This short account of Evelyn Waugh’s travels in East and West Africa in 1930 is advertised in its new Penguin Modern Classics edition as ‘perhaps the funniest travel book ever written’. The ‘perhaps’ is well placed, because ‘funny’ is a matter of taste, ‘perhaps’ the taste of one who finds colonialism, racism and British Establishment expectations from the interwar years to be rip-roaringly jolly. I have read a great deal of reactionary writing for work purposes, and consider myself reasonably inured to its extremes. I do admire Waugh very much as a stylist and for his spectacularly good satirical imagination. Brideshead Revisited (1945) is a genuine classic, one of the great novels of the twentieth century, and I love Scoop (1938), The Ordeal of Gilbert Pinfold (1957) and Helena (1950), his snarky biography of the mother of the Emperor Constantine. His 1950s novels of the Second World War express the sadness and disillusionment of society at war with compassion as well as loathing. He’s a great writer, no question. But he is also an unkind bully and a vicious commentator on anything he disapproved of or disagreed with. Taking all that on board, what can we make of Remote People?
The first thing to recall is that – as he says in the section so engagingly titled ‘Second Nightmare’ – he wrote the first few chapters of Remote People to stave off boredom by the ‘desperate expedient of writing’, in a cabin in the Prince Leopold, sailing down the Congo River unwillingly in company with a Seventh Day Adventist (Waugh the recently converted Roman Catholic finds this belief system so ludicrous that he makes it the man’s entire identity). Waugh was travelling through central Africa after his posting to Abyssinia to report on the coronation of Haile Selassie. He was bored nearly everywhere, though to do him justice he also found a great deal of interest in unexpected places and people. His descriptions of the preparations for the coronation, and all the ways it differed from his expectations, are certainly absorbing to read. I found myself counting the disparaging references that rely on the reader’s prior knowledge of the anthropology of upper-class English tribal practices.
The second thing to recall is that Waugh was writing as a man of his class, of his upbringing and of his political orientation. He was not interested in Africa as a place with its own values, only as a place that had been appropriately conquered by white people but was now run very badly. He refers to animals seen from his train or car not as ‘wildlife’, or even by their species names, but as ‘game’, indicating that their proper purpose is to be shot as entertainment. Waugh’s defence of the ‘Happy Valley’ set in Kenya is an extended apologia for the rights of colonialism that should be set reading for any class in post-colonial studies, to show the colonial perspective.
Remote People, is, as you might have gathered, quite a bracing book if you flinch at British 1930s attitudes to people in Africa who were not white. Waugh finds many of the people he meets quite pleasant, but there is no doubt that all foreigners are regarded with a raised eyebrow and a firm belief in his own, British, superiority. On his arrival at Addis Abbaba Waugh is stuck for accommodation, since the city is overrun with journalists and dignitaries of all nations, but he is rescued by a vision at the entrance to the Hotel de France: ‘the supremely Western figure of Irene Ravensdale in riding habit’. It is not explained who this lady is, but on researching her one finds that she was a hereditary peeress, a socialite and a former lover of Oswald Mosely (her future brother-in-law), going on to be a notable figure in charitable work and politics. She represents everything in Waugh’s world that was right and proper, signifying his value system for the whole of the book.

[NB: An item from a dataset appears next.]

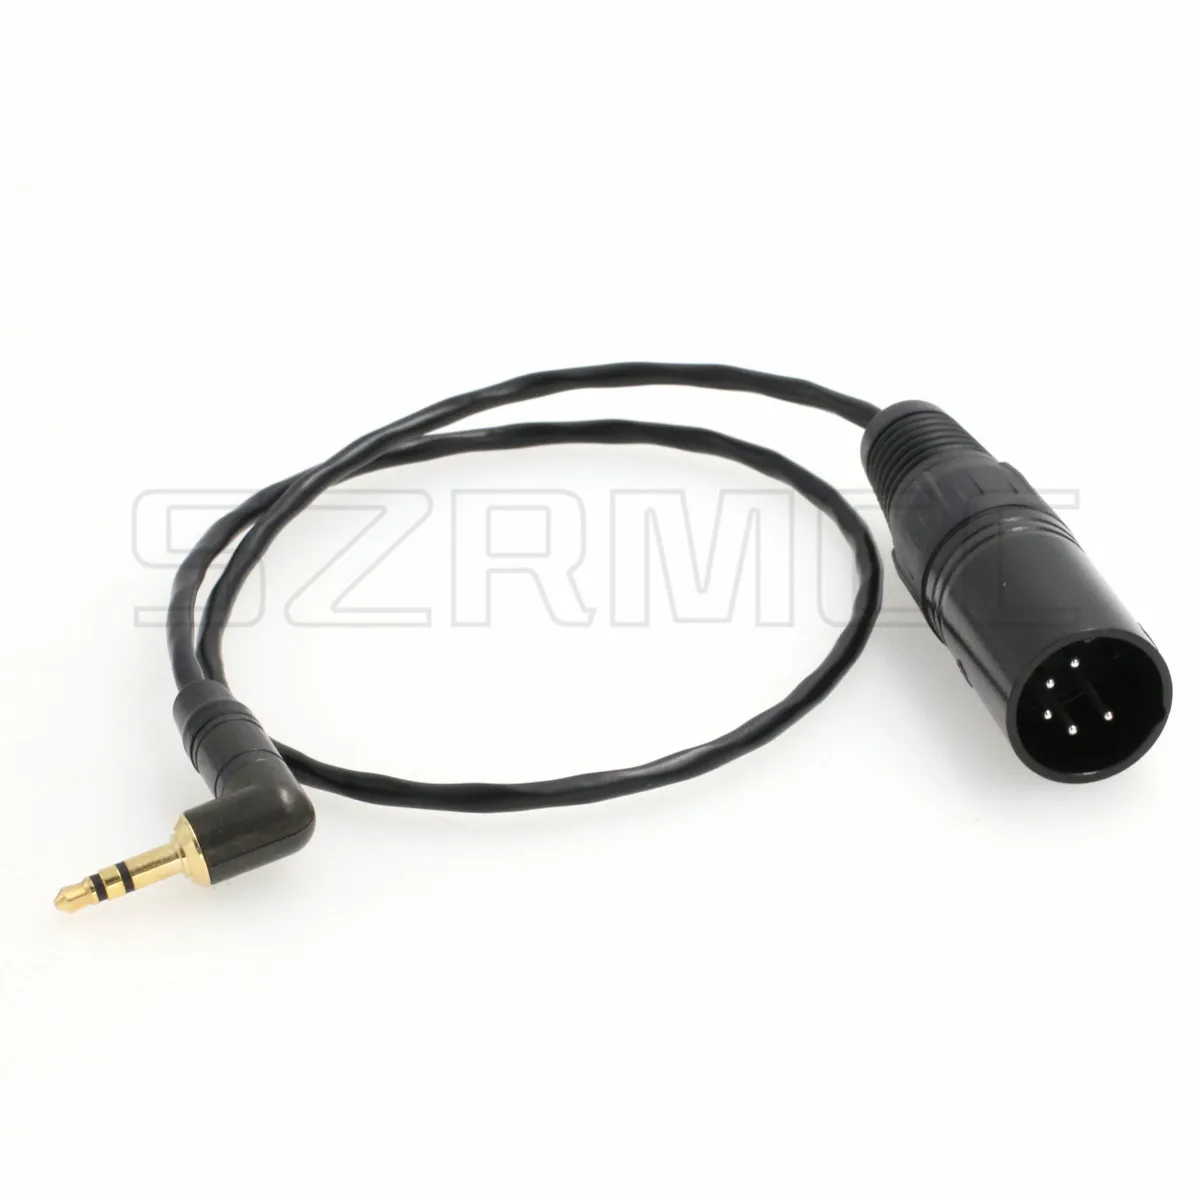 Cable de entrada de Audio estéreo de 3,5mm a XLR de 5 pines macho para cámara Arri Alexa XT/SXT/Amira

I imagine that Waugh wrote Remote People partly for the money, and partly because at this stage in his career, what he wrote, he published. It’s a uncomfortably personal response to countries and people in which he had no interest and found disappointing, but when was Waugh ever not personal in his writing? The very few events that he admits to enjoying depend on romping, riotous living, for example invading a wedding party or a brothel to cause a fuss and make a noise. He also enjoyed the relief of sybaritic standards, and with reason, since he does seem to have endured the rigours of travel for quite a long time. His visit to Mr Leblanc in Aden was ‘particularly emollient and healing’ because it was an oasis of white society, white waistcoats, new gramophone records, and a delicious dinner with iced vin rosé. His visit to the Kenyan coffee-planting circles occurred during their racing season, which he describes in a brilliant vignette of partying that could have taken place in Mayfair, so strongly does he long for his own friends and habitat. He mentions things largely to complain about them, or to note that they were ‘uneventful’. He finds beauty and value only when it comes near to things he will find at ‘home’. This is not funny: it is desperately sad. The very last section, the ‘Third Nightmare’, is an ironic portrait of his first night out in London on his return, which he finds ‘hotter than Zanzibar, noisier than the markets at Harar, more reckless of the decencies of hospitality than the taverns of Kabalo or Tabora’ (all of which he has told us are vile). The man is a misanthrope, and nothing will satisfy him.